= Station Outlet =

Station Outlets (US) or Terminal Units (ISO, CSA) consist of an outlet port with color-coded faceplate attached to a medical gas supply line, and primary and secondary check valves which open and close automatically upon use and disengagement from the system. In most jurisdictions, station outlets are required to be equipped with safety systems that prevent cross-connection errors, such as connecting a medical air flowmeter to an oxygen port. Hospitals mainly use DISS connections, though a wide variety of quick-connect adapters, based on male strikers and female outlet ports, are still in use today. These latter types are easier to connect, but are more prone to leaks and failure.

== Types ==

=== Diameter Index Safety System (DISS) ===

The Diameter Index Safety System, or DISS, was designed in 1959 by the Compressed Gas Association (CGA) specifically for medical gases at 200 psi or less. It uses unique, gas-specific threaded connections to fit equipment to station outlets. It is also used for the connection of additional features to equipment, such as in fixing a suction canister to a suction (Medical vacuum) regulator. Although DISS takes more time to affix, this has become the most popular choice as a threaded connection cannot disengage on its own.

=== Puritan-Bennett ===

The Puritan-Bennett/Beacon quick-connect system uses geometrically-coded probes. Equipment is disengaged by pressing, and releasing, a button on the station outlet. Persistent attempts to remove equipment while keeping the button pressed has potential to result in damage leading to latching/connection malfunctions.

=== Ohio/Ohmeda ===

The female outlet port for the Ohio/Ohmeda system consists of a disk with slots placed at positions unique to each specific gas.
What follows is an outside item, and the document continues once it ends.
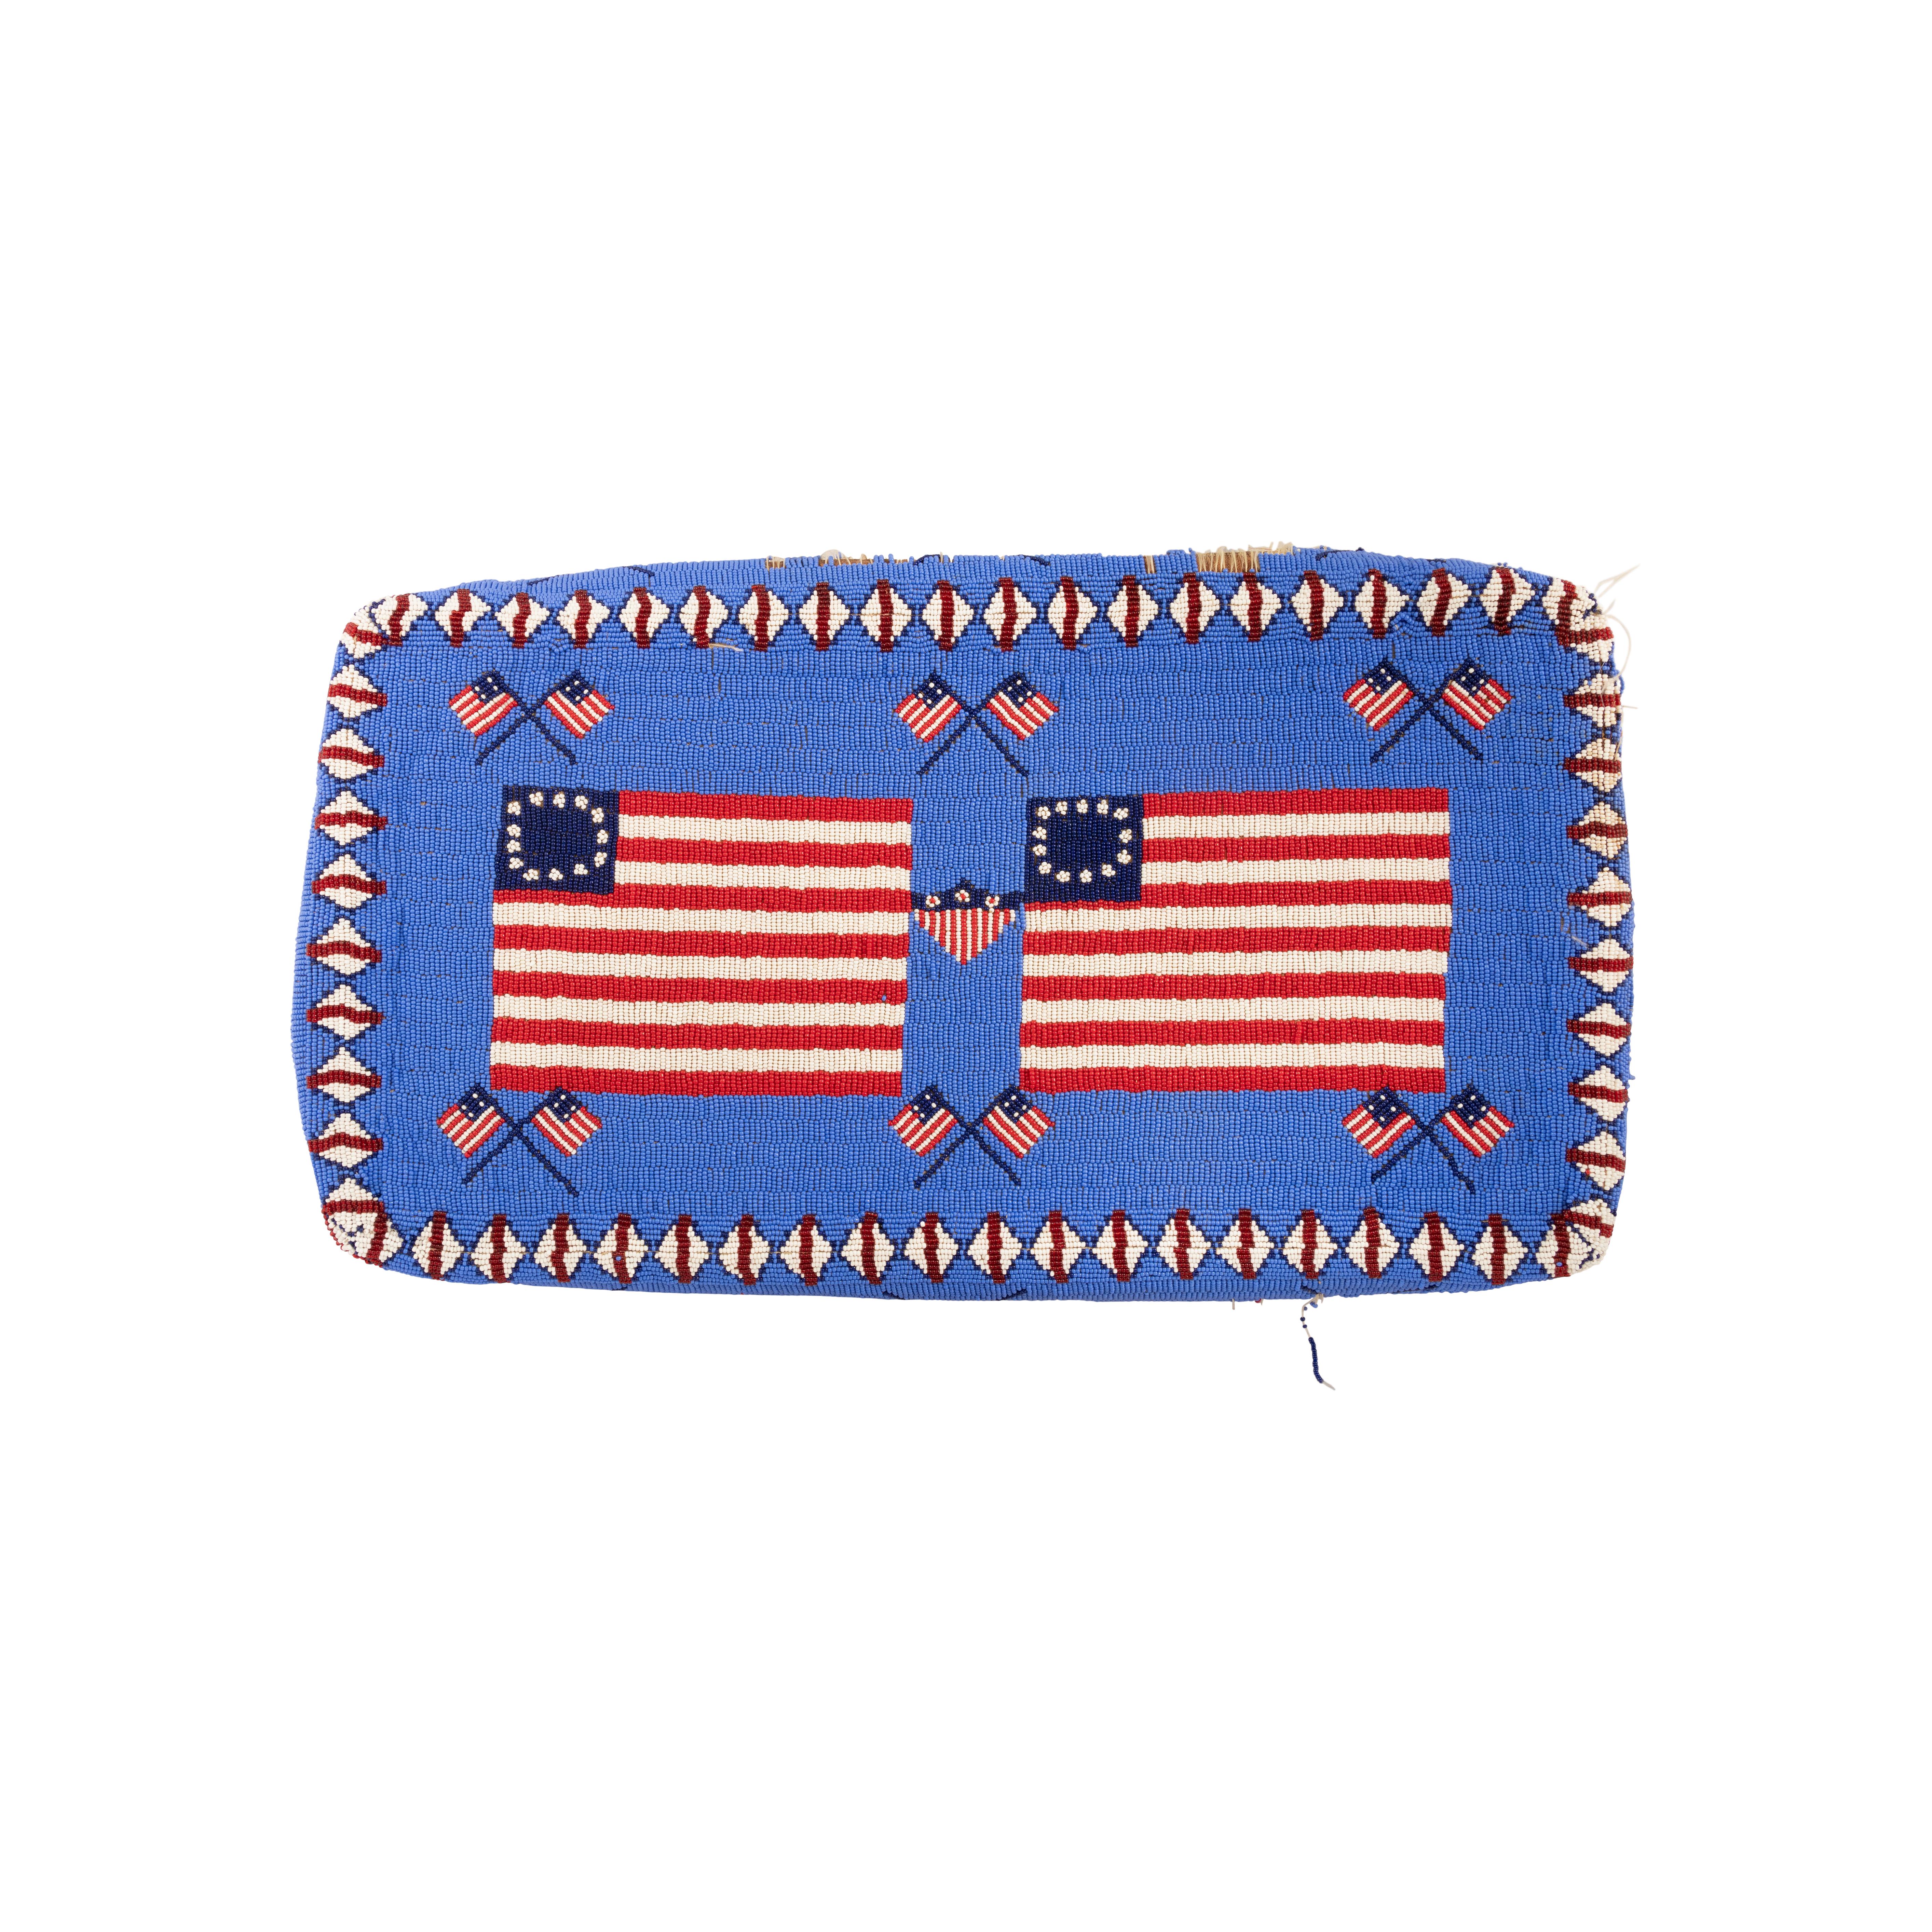 Patriotische indianische Sioux-Perlentasche für den Arzt. 62 amerikanische Flaggen und Wappen. Große Arzttasche; Sioux Perlen. Stammt von einem Handelsposten in South Dakota; Schätzung erste Hälfte 20. Jahrhundert, verkauft in den 1970er Jahren für

After insertion, male strikers may be disengaged by twisting the inlet so as to activate a spring-release mechanism. The flat outlet ports ensure no injury if a patient or health-care worker should fall into the wall; a consideration when dealing with the mentally ill or those with neuro- or musculodegenerative disorders. However, the twisting of the disengage mechanism may result in the tangling of wires or other equipment in crowded areas.

===Chemetron/NCG===

The Chemetron/NCG system resembles a simple electrical plug in appearance. Although it is very easy to connect and disconnect, this advantage poses a risk should it be dislodged accidentally. Additionally, its straight valve does not allow for the connection of flowmeters, necessitating the purchase and use of additional equipment.

===Hansen Schrader===

This unusual system consists of steel strikers and ports. The ports have a spring-loaded collar, which will be pulled back to expose a series of balls located on the inner lip of the port. The positioning of these balls is specific to each gas. At this point, the male striker may be inserted. It is possible this system never caught on due to its lack of colour-coding and labels, along with the difficulty of engaging the striker.

===Oxequip Medstar/Canadian Liquid Air (CLA)===

These consist of steel strikers ("bayonets") with holes for inlet ports. Like keys, the strikers have grooves and ridges in variable positions. They lack colour-coding and are easily disengaged.